Multi-Player Bandits -- a Musical Chairs Approach
This addresses resource allocation in decentralized systems like cognitive radio networks, offering a novel solution to a known bottleneck with practical implications.
The paper tackles the stochastic multi-armed bandit problem with multiple players and collisions, motivated by cognitive radio networks, and presents communication-free algorithms (Musical Chairs and Dynamic Musical Chairs) that achieve constant regret with high probability and sublinear regret for dynamic player settings, without prior knowledge of player numbers.

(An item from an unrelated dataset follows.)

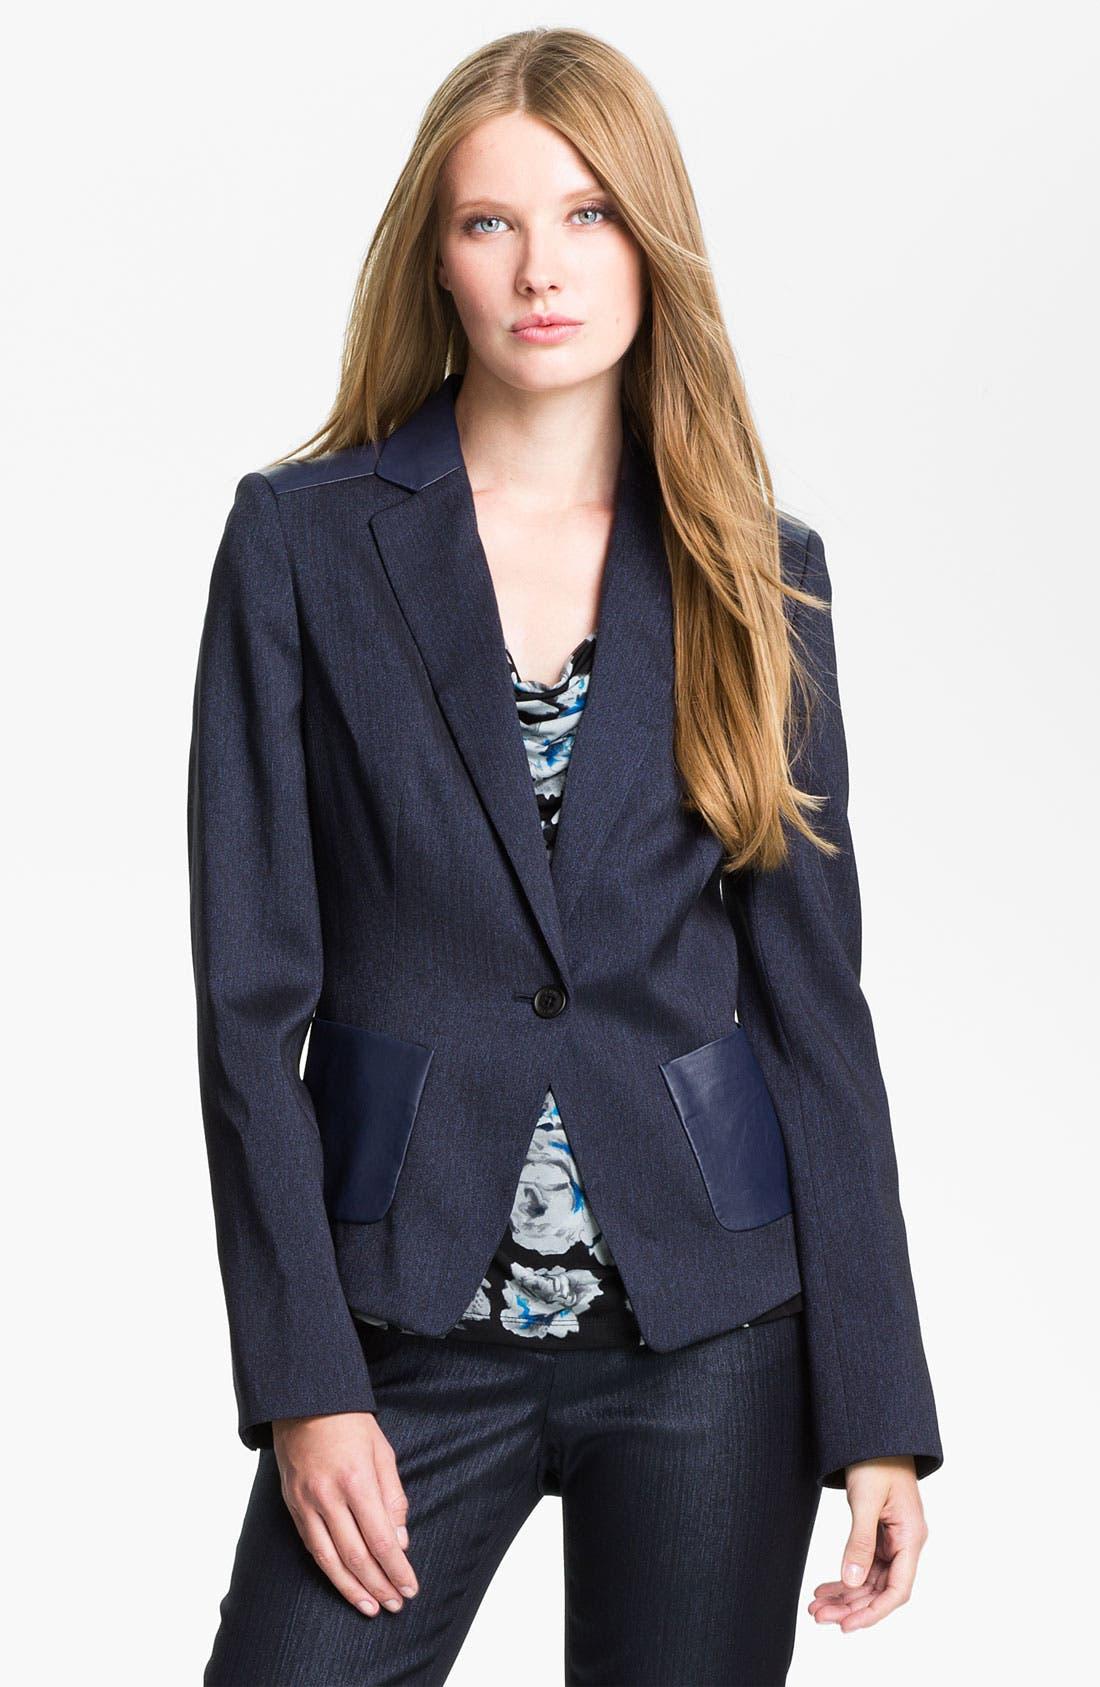 Alternate Image 1 Selected - Anne Klein Herringbone Jacket (Petite)
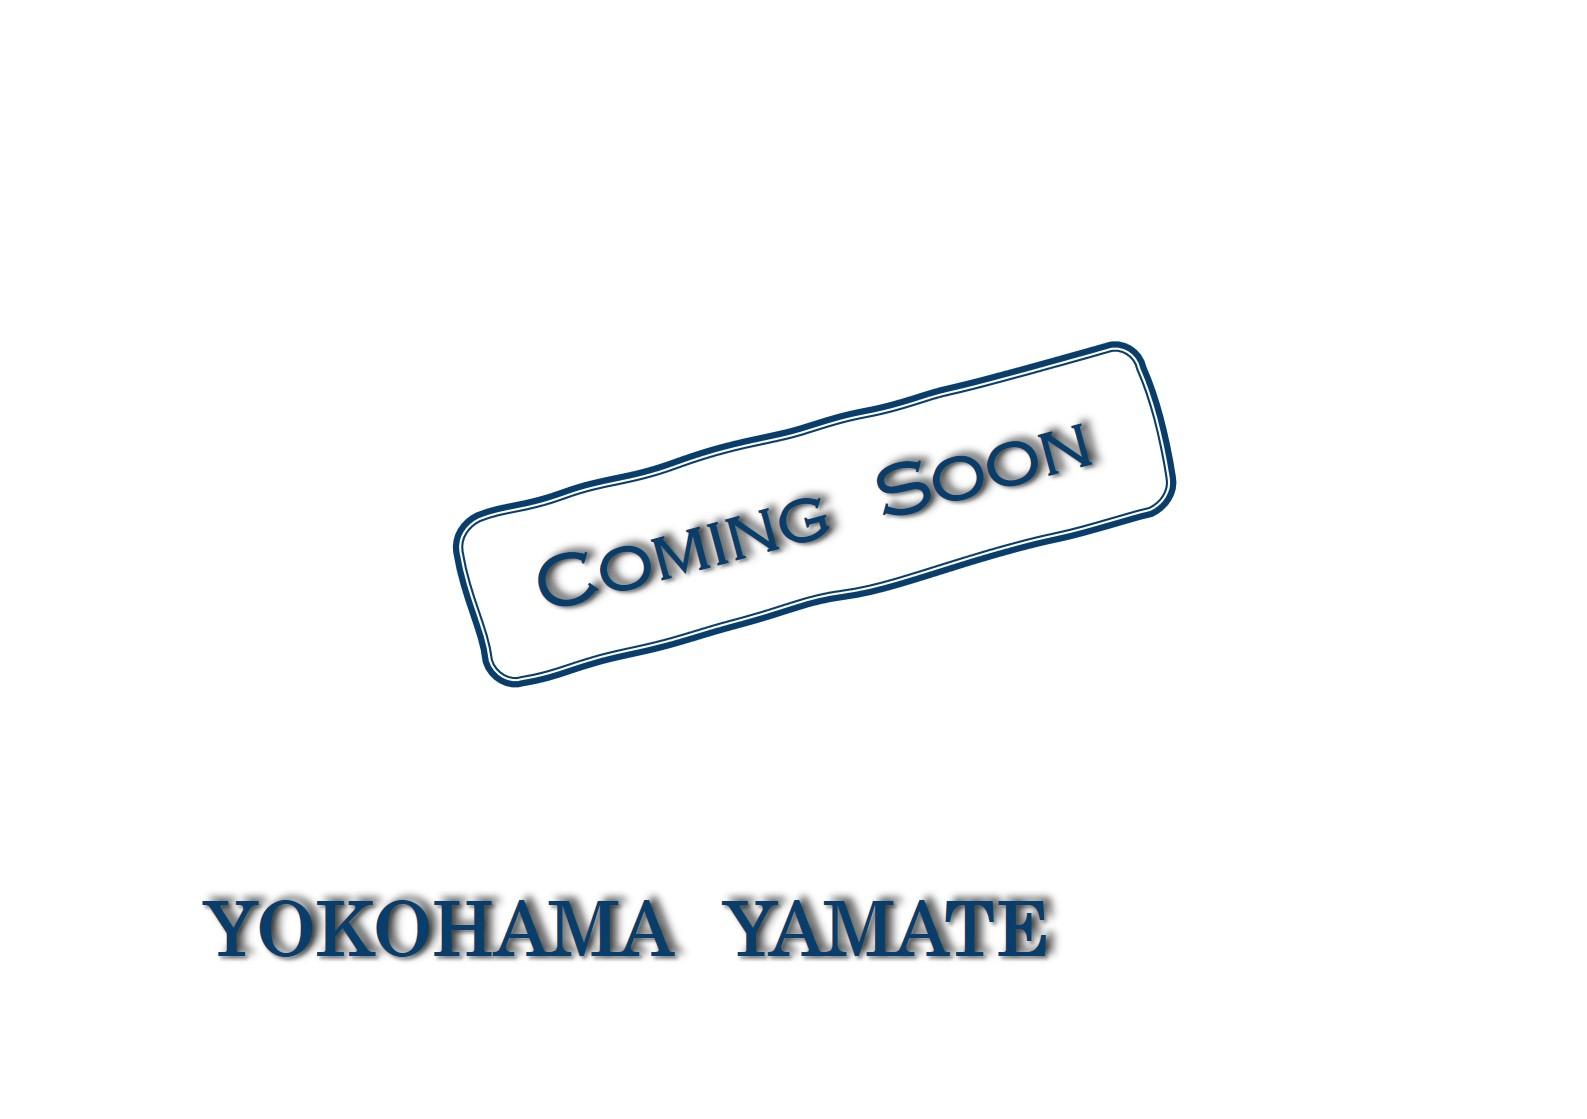 YOKOHAMA YAMATE

We consider a variant of the stochastic multi-armed bandit problem, where multiple players simultaneously choose from the same set of arms and may collide, receiving no reward. This setting has been motivated by problems arising in cognitive radio networks, and is especially challenging under the realistic assumption that communication between players is limited. We provide a communication-free algorithm (Musical Chairs) which attains constant regret with high probability, as well as a sublinear-regret, communication-free algorithm (Dynamic Musical Chairs) for the more difficult setting of players dynamically entering and leaving throughout the game. Moreover, both algorithms do not require prior knowledge of the number of players. To the best of our knowledge, these are the first communication-free algorithms with these types of formal guarantees. We also rigorously compare our algorithms to previous works, and complement our theoretical findings with experiments.